No início do corrente ano havia no microempresariado uma unânime expectativa de redução da carga tributária, talvez impulsionada pelos programas eleitorais e a necessidade de angariar votos, mas isso não ocorreu. Sobreveio exatamente o oposto, já que mais um Imposto foi instituído, para assombro dos microempresários goianos, referindo-se ao DIFAL – Diferencial de Alíquota do ICMS.
O DIFAL está previsto na Constituição Federal de 1988 e foi instituído para compensar o Estado de origem quando a empresa sediada na unidade federada adquire determinados produtos em outros estados.
O Decreto 4.186/2018 determinou que todas as empresas goianas do Simples, inclusive enquadradas no MEI (microempreendedor individual), estarão sujeitas ao DIFAL quando compram produtos de outros Estados. Na prática, ao aplicar a fórmula do DIFAL trazida pelo decreto estadual, isso significa que as microempresas pagarão mais 4,49% sobre o valor das mercadorias adquiridas fora do Estado.
É uma busca por fortalecer o mercado interno, incentivando o empresariado a adquirir a matéria-prima de empresas instaladas em solo goiano, fortalecendo, em tese, o mercado local. Todavia, é sabido que alguns produtos apenas são adquiridos em regiões estratégicas fora do Estado de Goiás, notadamente o Estado de São Paulo, Região Sul do País e a Zona Franca de Manaus.
As empresas que não encontram sua matéria prima no mercado estadual ou que continuam optando por contrair esses produtos por um preço menor de outras unidades da federação, têm arcado com mais esse custo tributário em seu caixa mensal. Esse custo maior atinge também os consumidores finais, que, naturalmente, já enxergam o aumento dos produtos nas lojas, já que tem sido incluído pelo microempresário na valia final da mercadoria.
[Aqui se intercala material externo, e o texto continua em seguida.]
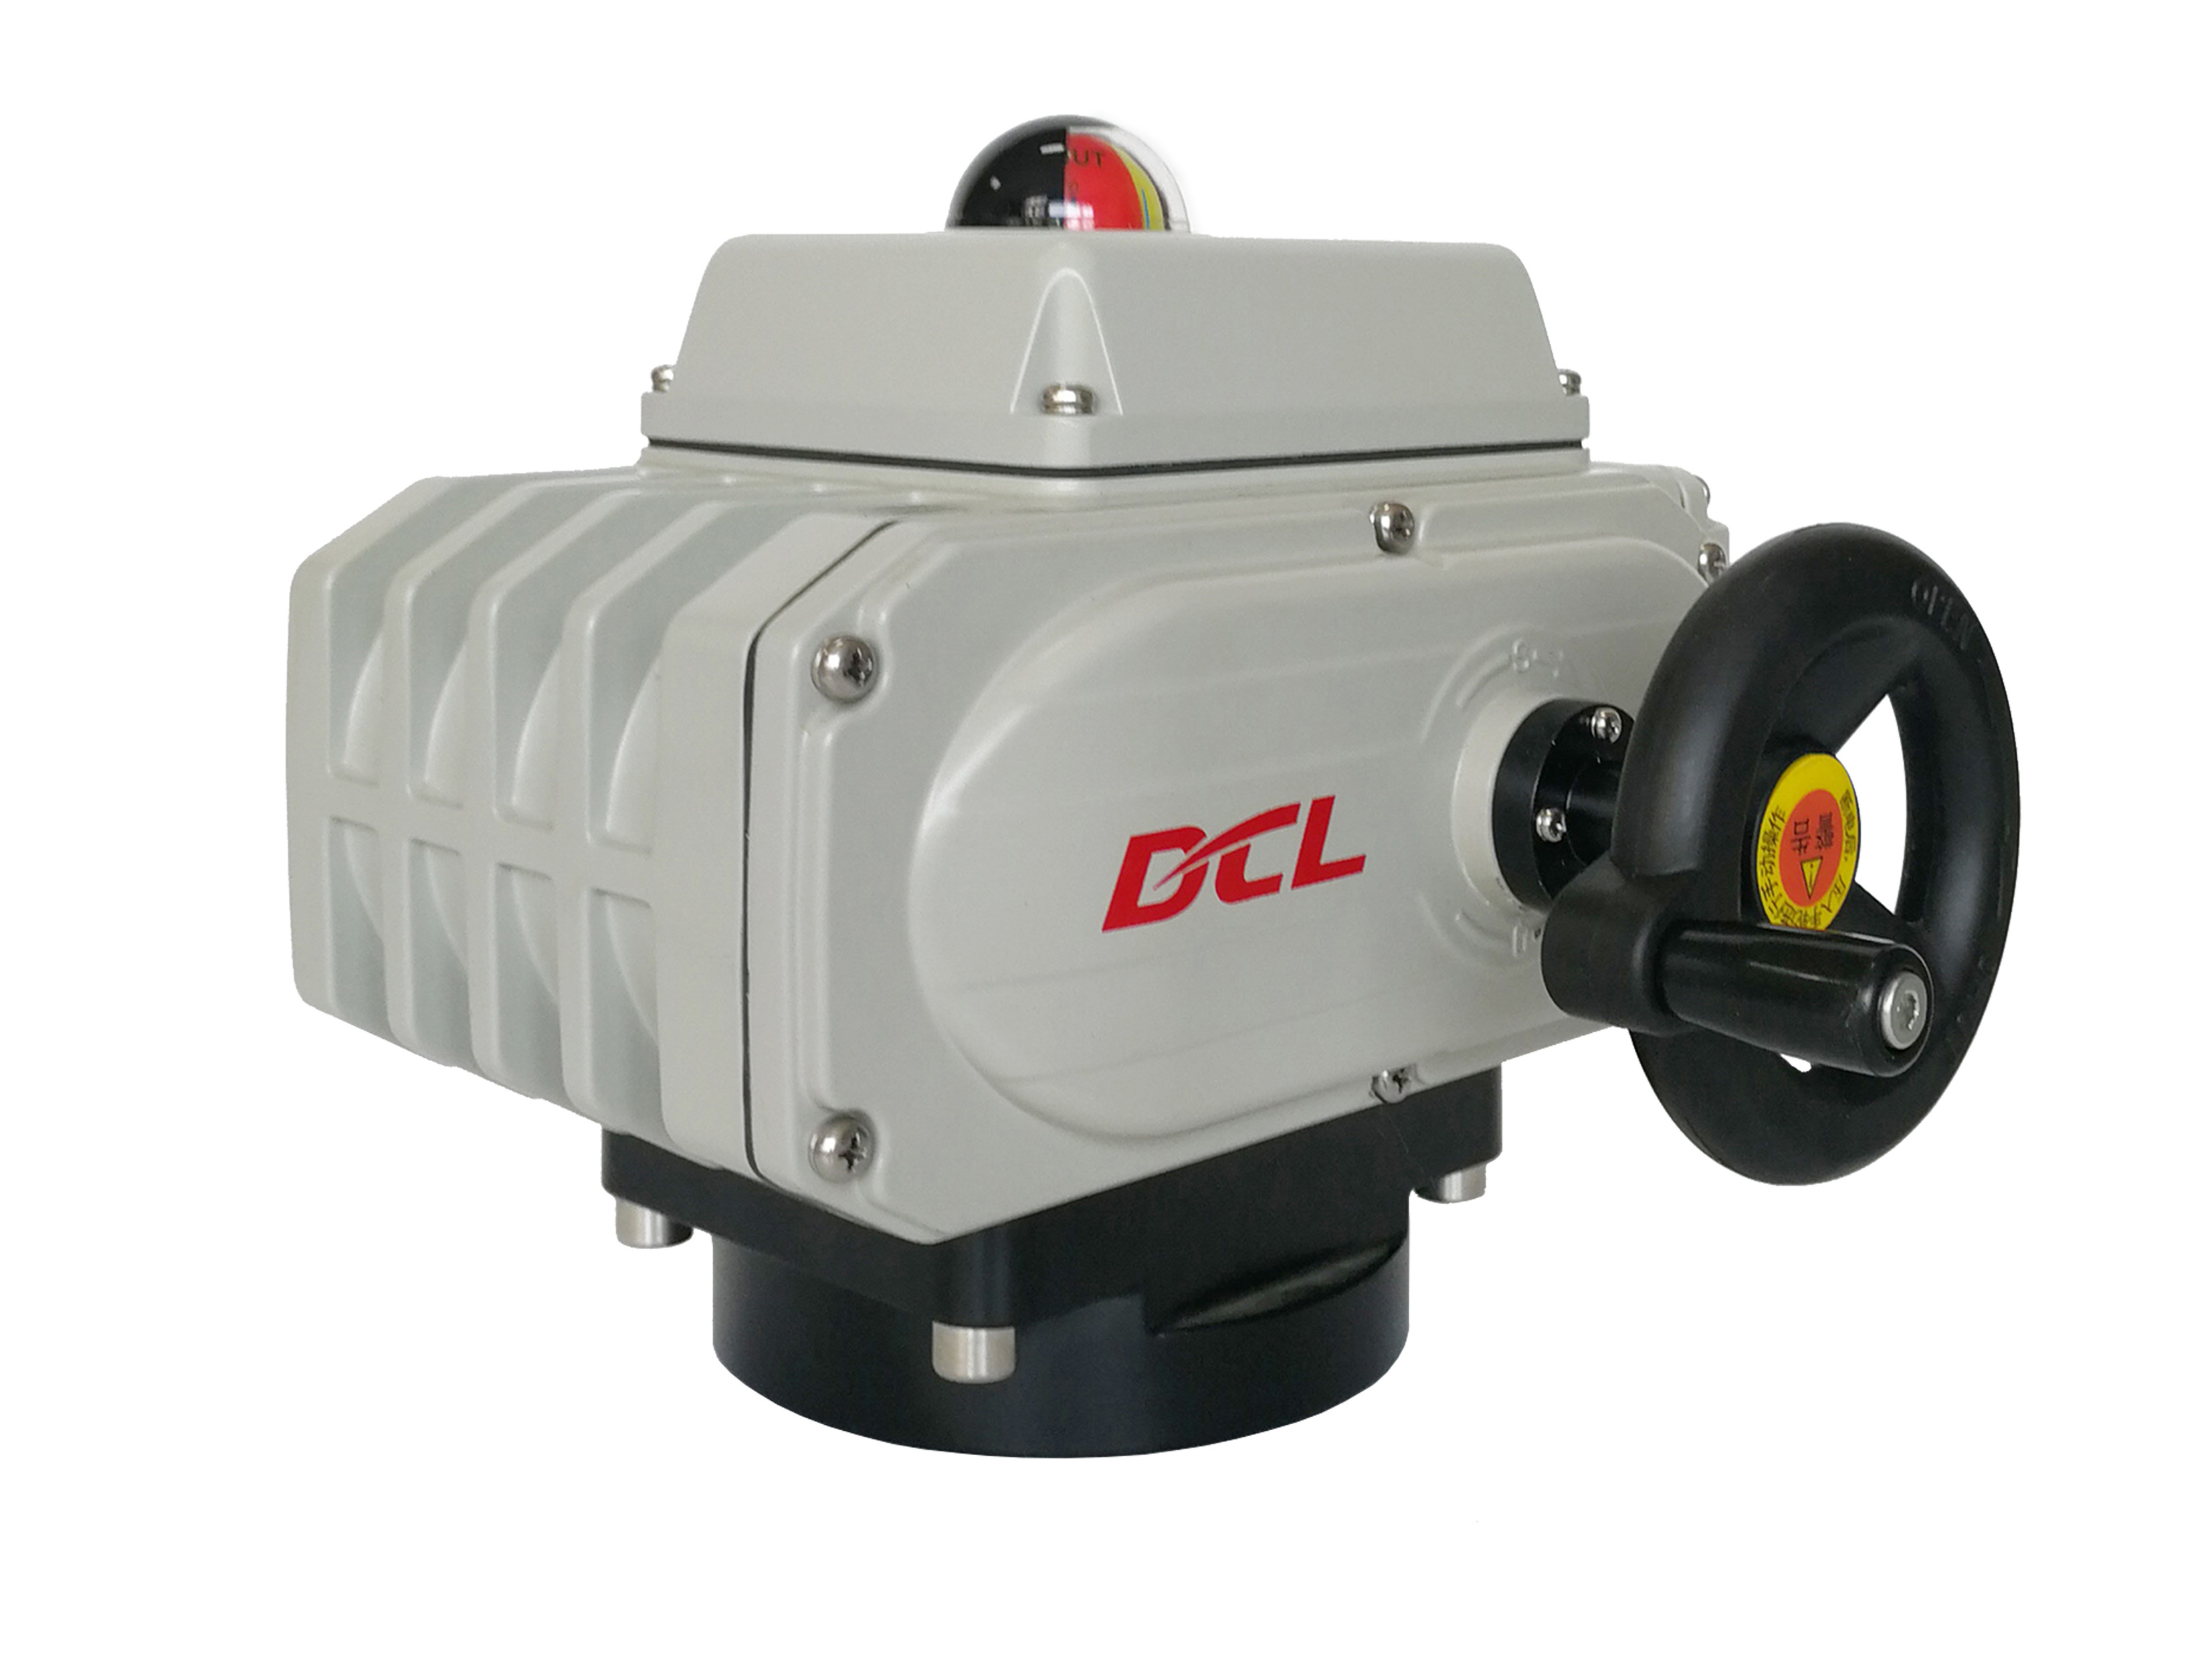 Quality RoHS 22125in.Lbs IP67 DCL Electric Valve Actuator for sale

Os microempresários aduzem que a cobrança diminuiu a competitividade diante de empresas nacionais, instituídas como filias no mercado goiano. Estas últimas já recebem o produto das matrizes fora do Estado e conseguem manter o custo menor do produto, conseguindo revender a mercadoria por um montante mais em conta, atraindo os consumidores finais.
Após uma pressão imposta pelos microempresários, o Governo Estadual, através do decreto 9.326/2018 publicado no Diário Oficial em 03/10/2018, isentou as micro e pequenas empresas optantes do Simples Nacional (LC 123/2006), com faturamento até R$ 360 mil por ano, do pagamento do ICMS relativo à diferença entre a alíquota interna e a interestadual na aquisição de mercadorias. A medida beneficiou cerca de 134 mil empresas, segundo o Governo Estadual, mas a manutenção da cobrança para as demais empresas que participam do regime do SIMPLES Nacional ainda gera questionamentos.
A irresignação do setor é acerca da ilegalidade da cobrança para as empresas do SIMPLES, já que o ICMS já está incluído no pagamento do tributo unificado para essa modalidade de empresa, e, portanto, seria uma bitributação.
Enquanto muitos empresários buscam a tutela do judiciário para a solução individual e outros apoiam-se em grupos e entidades empresariais para a solução, resta saber se o próximo Governo Estadual alterará o Decreto e abrangerá a imunidade para todas as empresas do SIMPLES. Enquanto isso, mais um ciclo anual será iniciado em breve e também a expectativa do setor de microempresários goianos em viver dias de maior lucratividade no negócio.